#### Problem requirements
Every line of the listing below is to be duplicated exactly, with the pictures left out.

#### Data shown
────────────────────────────────────────

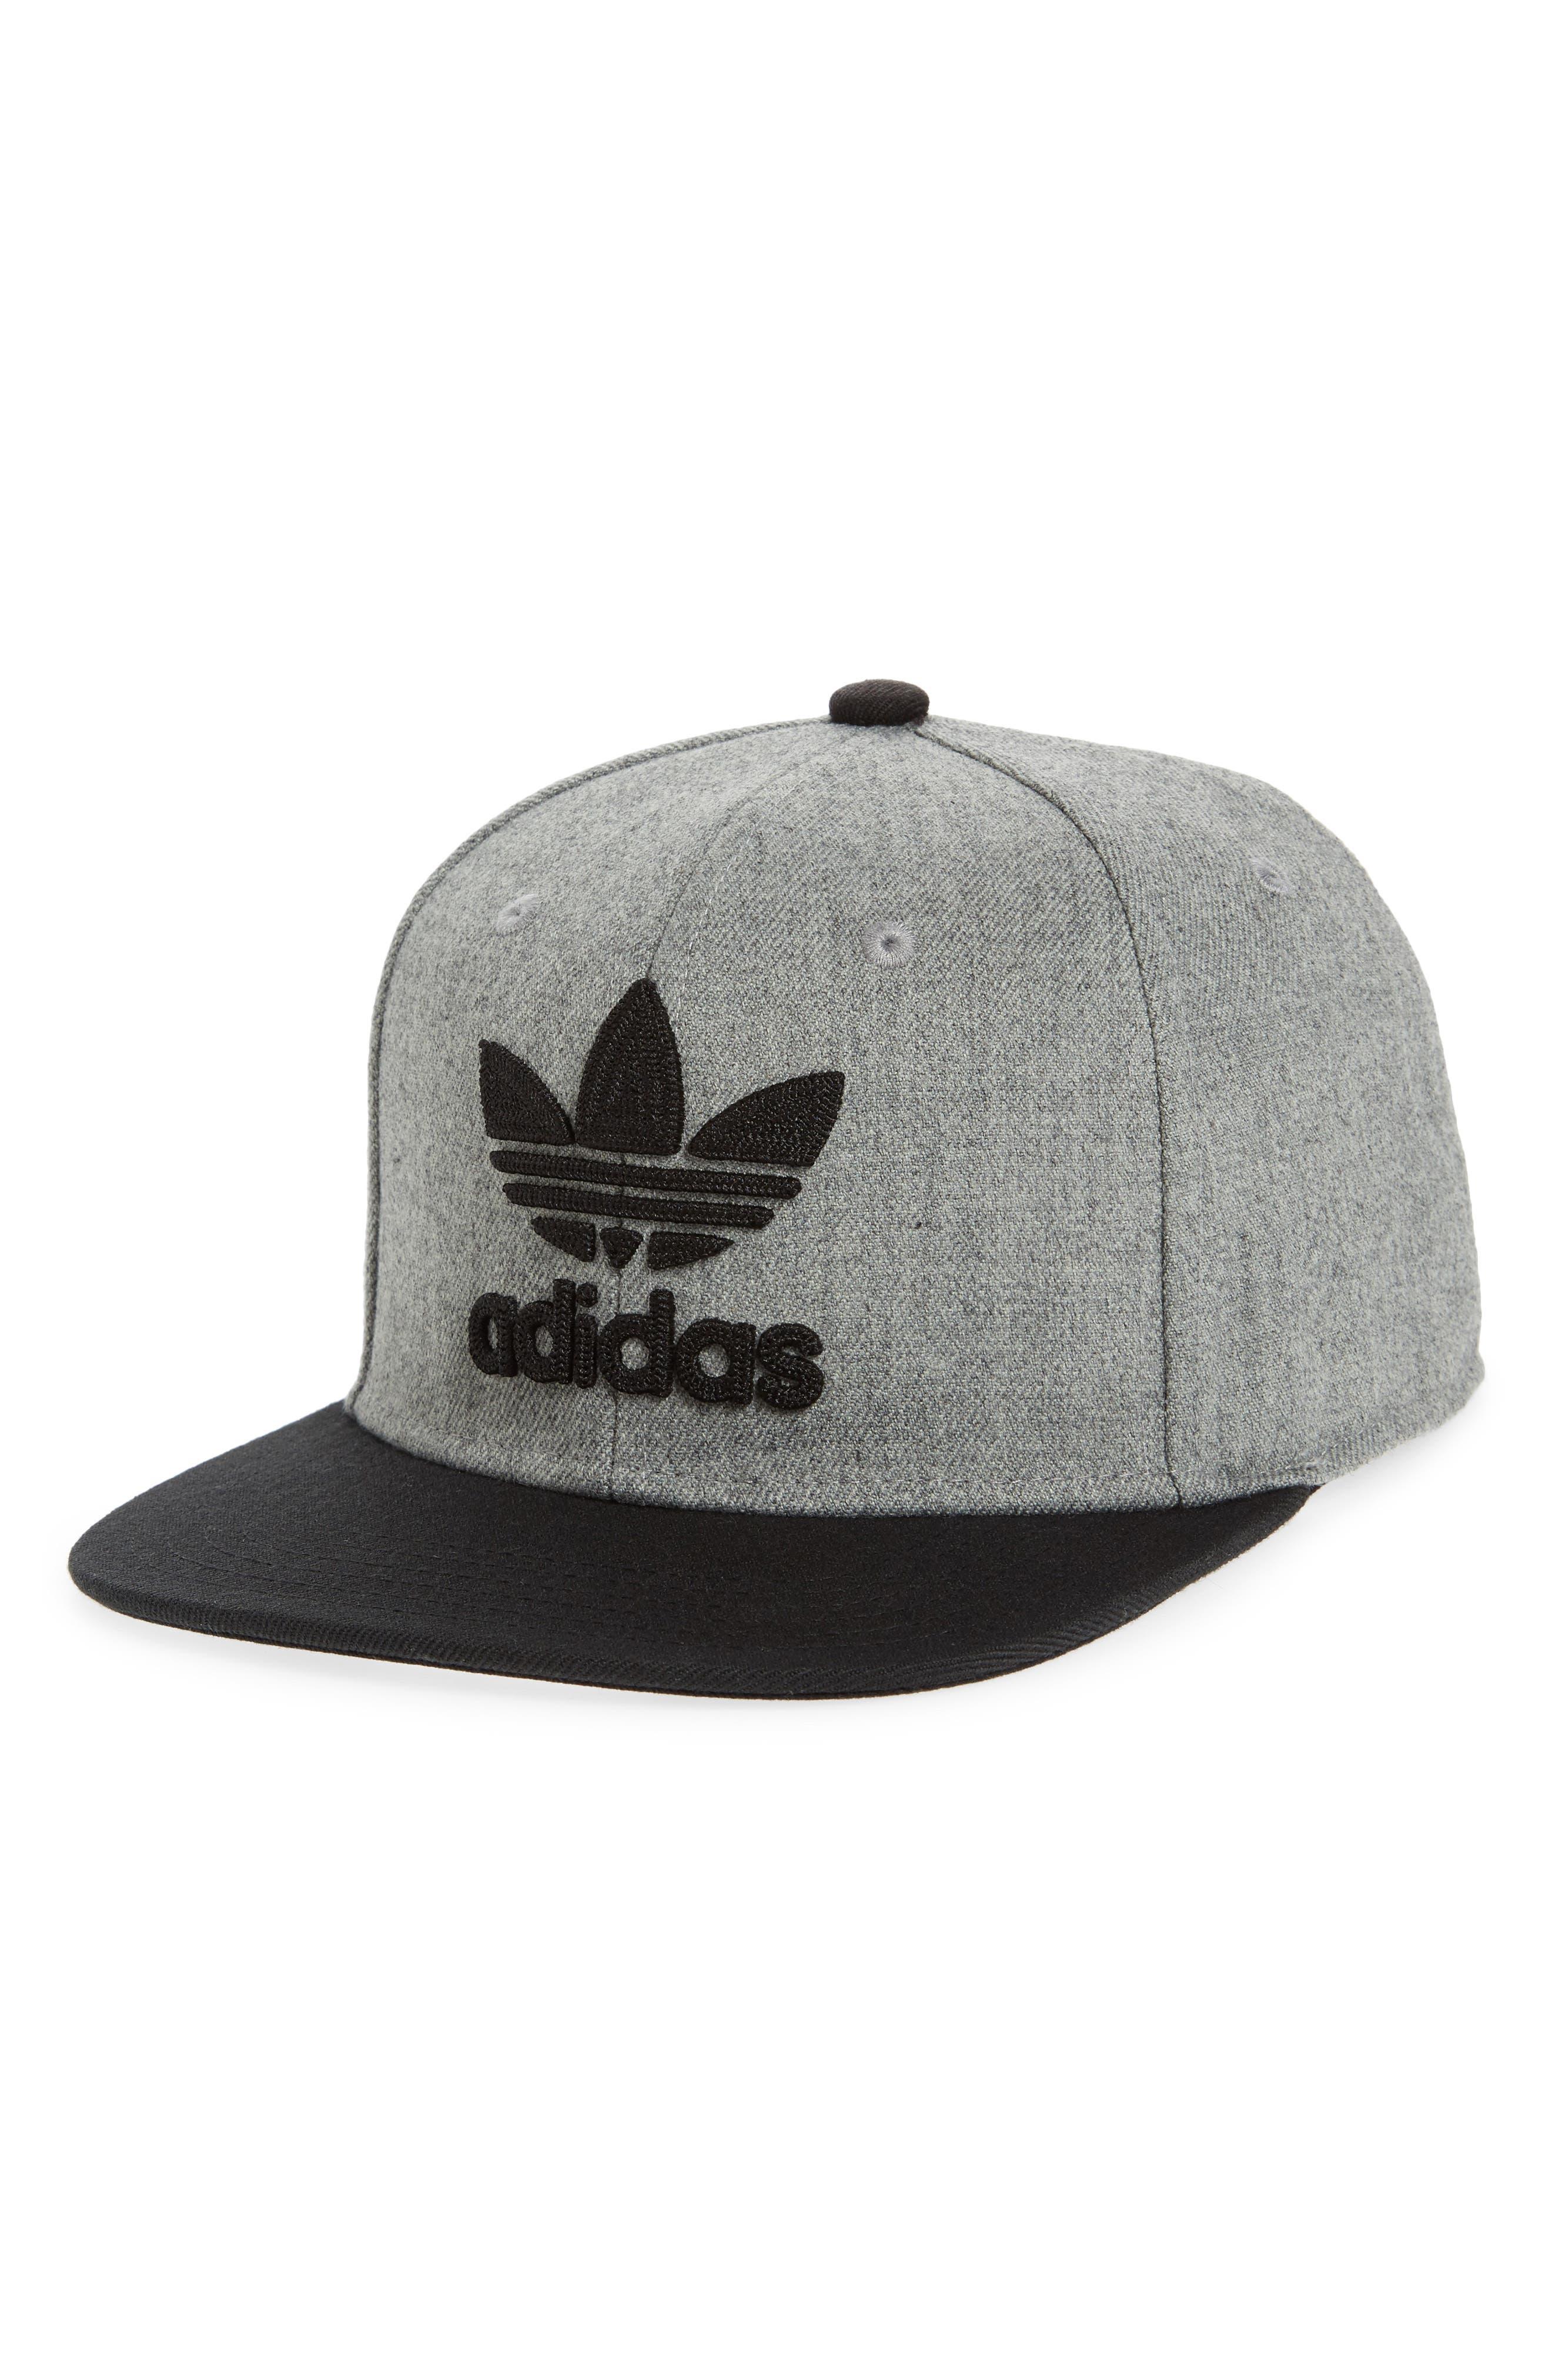 Alternate Image 1 Selected - adidas Originals Trefoil Chain Snapback Baseball Cap
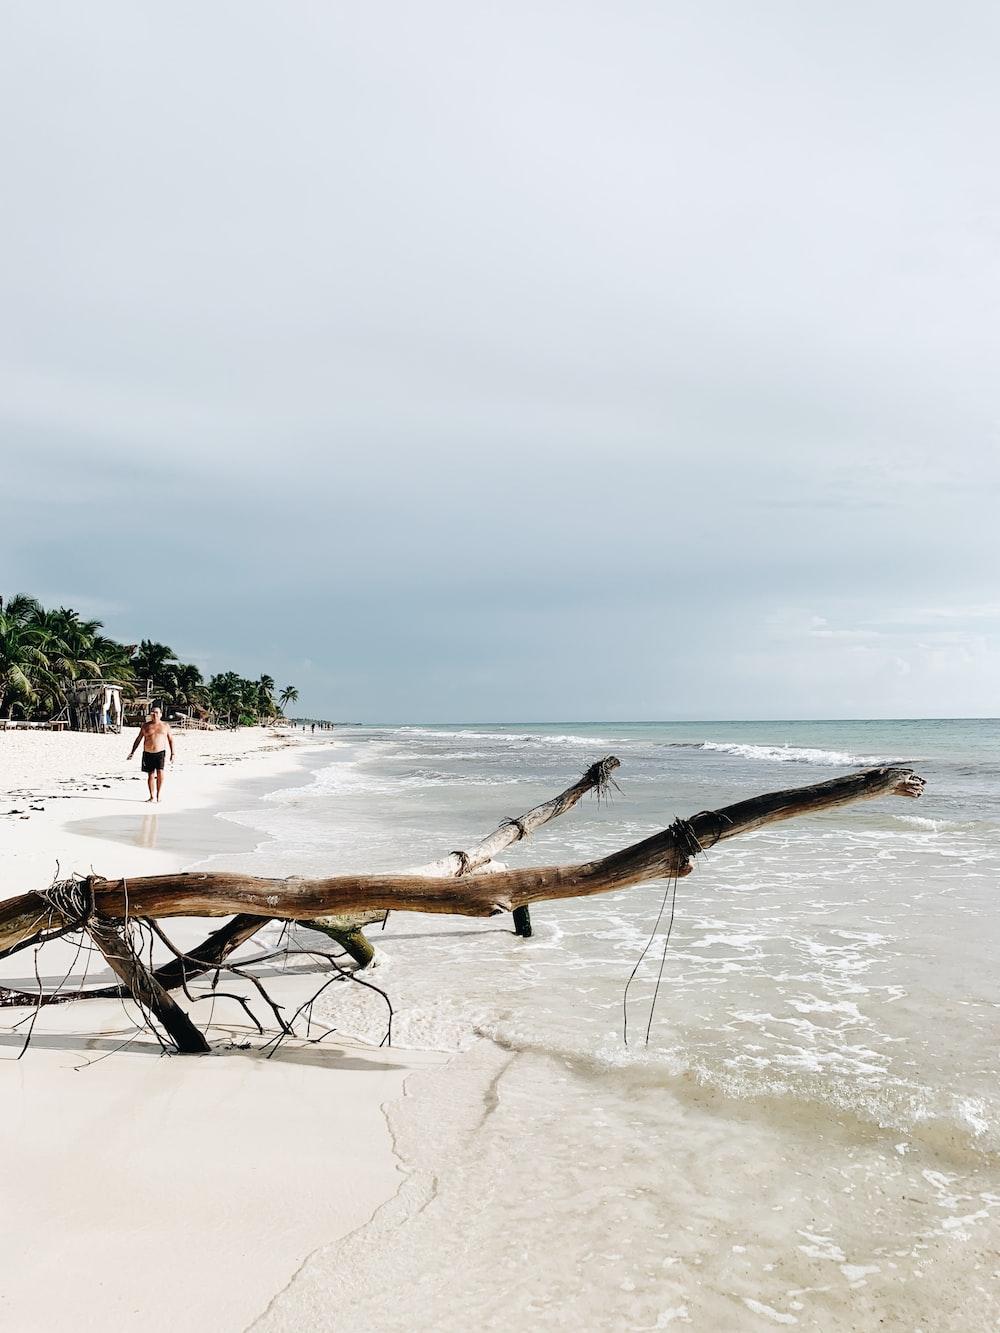 brown tree branch on white sand beach during daytime
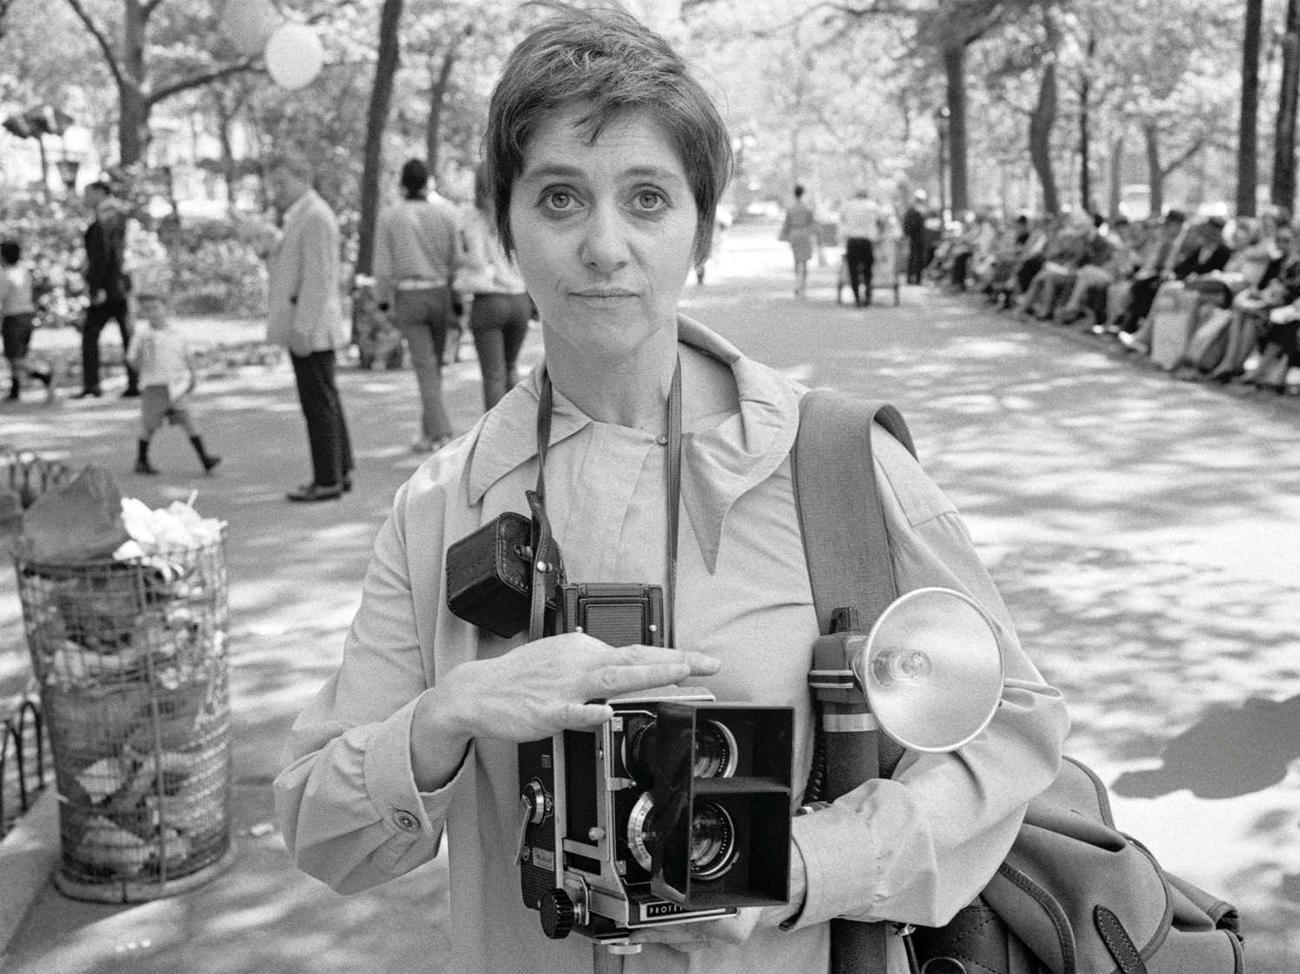 Time Microlit Author Julie Chevalier

────────────────────────────────────────

#### Problem solution
 Alternate Image 1 Selected - adidas Originals Trefoil Chain Snapback Baseball Cap
 brown tree branch on white sand beach during daytime
 Time Microlit Author Julie Chevalier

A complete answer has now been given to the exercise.